Beauty is in the eye of the beholder. My eye definitely likes this `sum(sum(amount)) OVER ()`

syntax. If you cannot decipher this, don’t worry. You’re not alone. I invite you to review the following post on the order of SQL operations, first.

Very good post, Lukas.

Window Functions was one of the best things I’ve known in SQL. That’s an amazing feature!!

But could you help me to understanding what is happening? I mean…

I got a little bit confused with the use of

`ORDER BY`

instead of`PARTITION BY`

in this code`... OVER (ORDER BY payment_date)`

.I my noob understanding, the

`... OVER (ORDER BY payment_date)`

would give me the same result of`... OVER ()`

, except I would get the value of`payment_date`

sorted (what does not change the final result).So using

`PARTITION BY`

instead, would the query give me the same result?No, why would it give you the same result? Partition by is for grouping, order by is for sorting. And the trick is that in the absence of a frame clause but presence of an order by clause, you get range between unbounded preceding and current row.

More details here ;-)

https://www.jooq.org/training

Or, you can try it. Download the sakila database: https://www.jooq.org/sakila, or run this query on any “payment” or “transaction” table you may have to see what’s going on.

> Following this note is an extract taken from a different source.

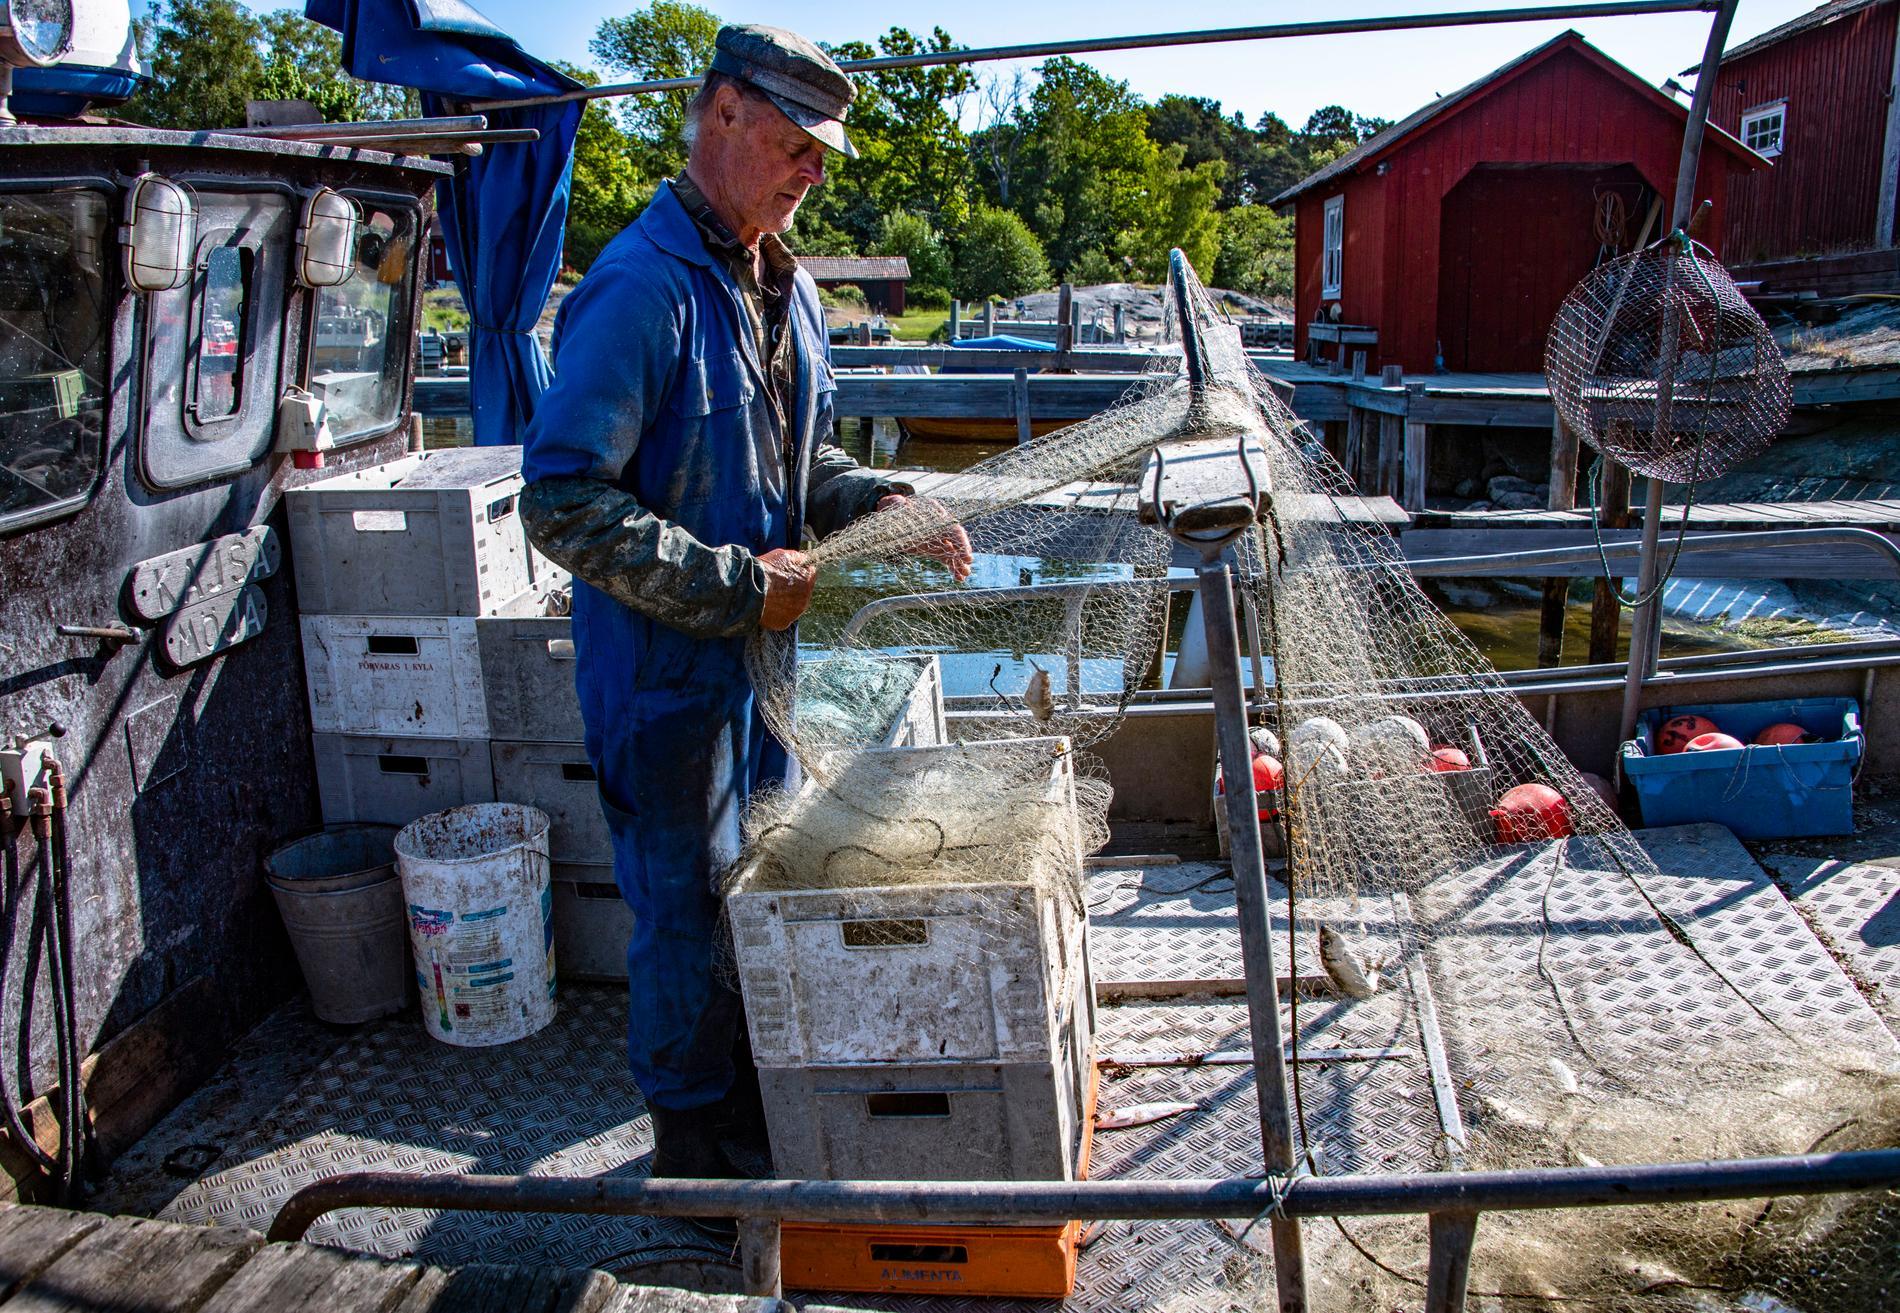 Enda sättet att tjäna pengar på småskaligt fiske är att förädla den, genom att ha ett rökeri eller restaurang, enligt Rune Wikström.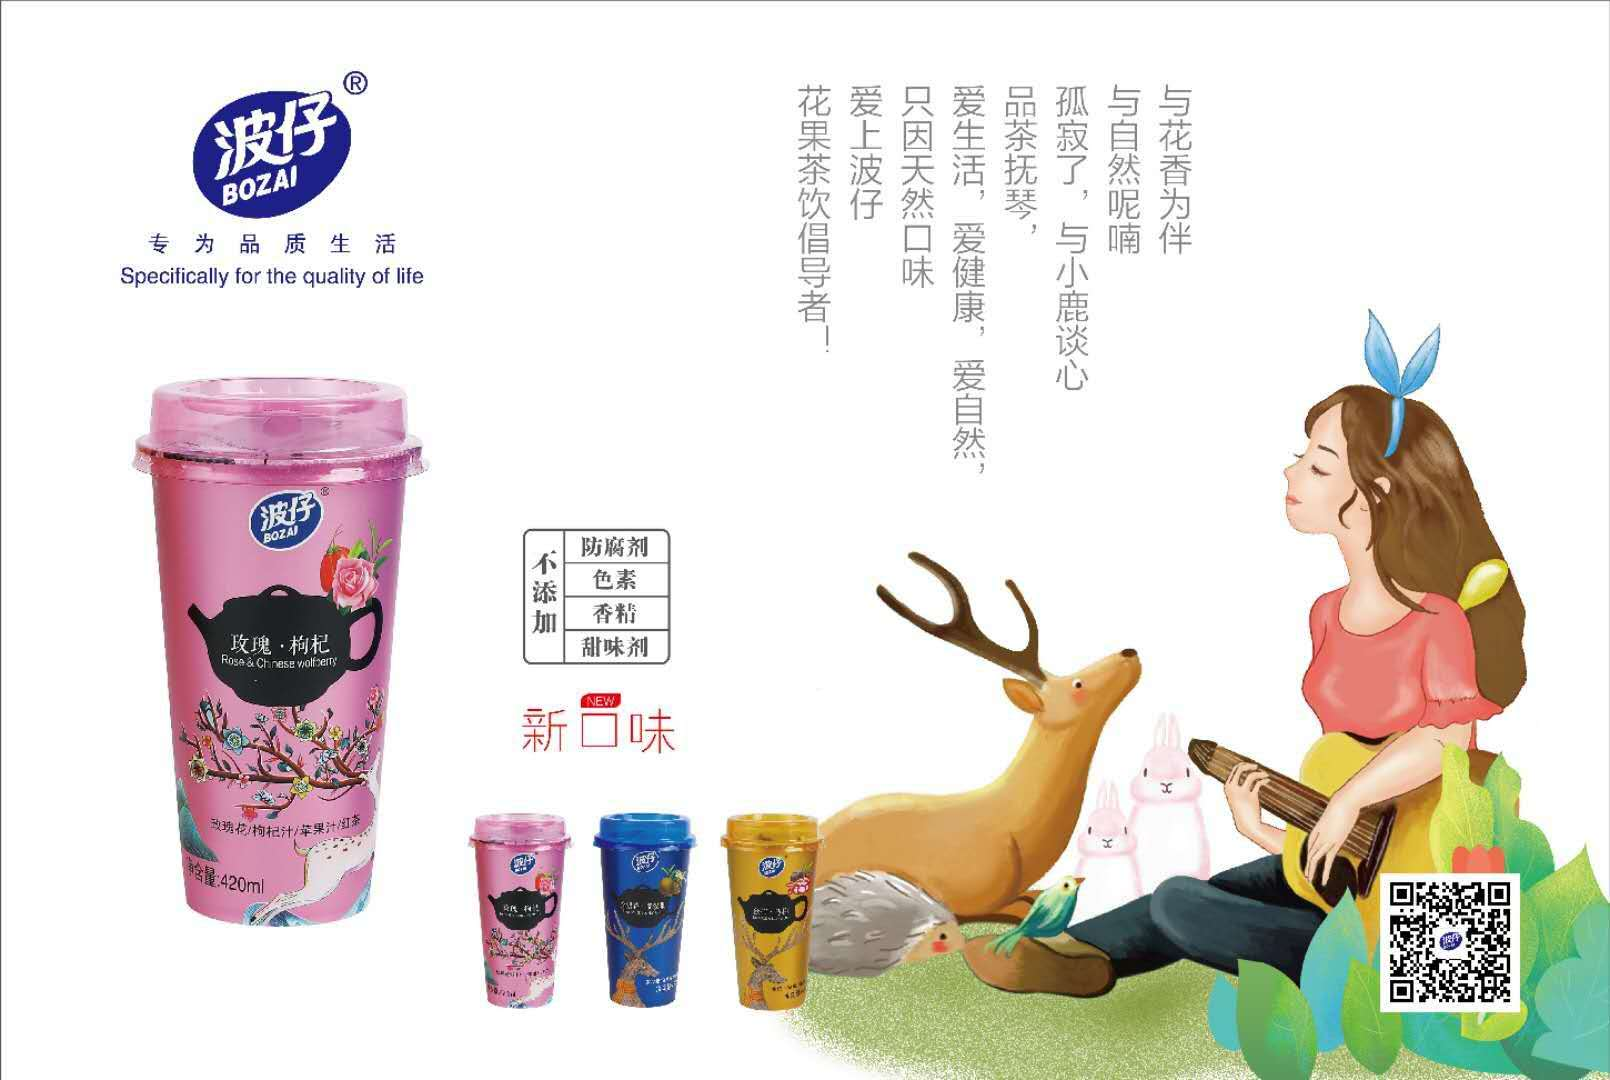 花果茶广告画

a-ha!!! That’s what I was trying to understanding and you answered me:

Thanks again, Lukas!

Yep. It’s a bit weird, but it does make sense as a default, if you think about it. The default in the absence of order by is range between unbounded preceding and unbounded following, which also makes sense.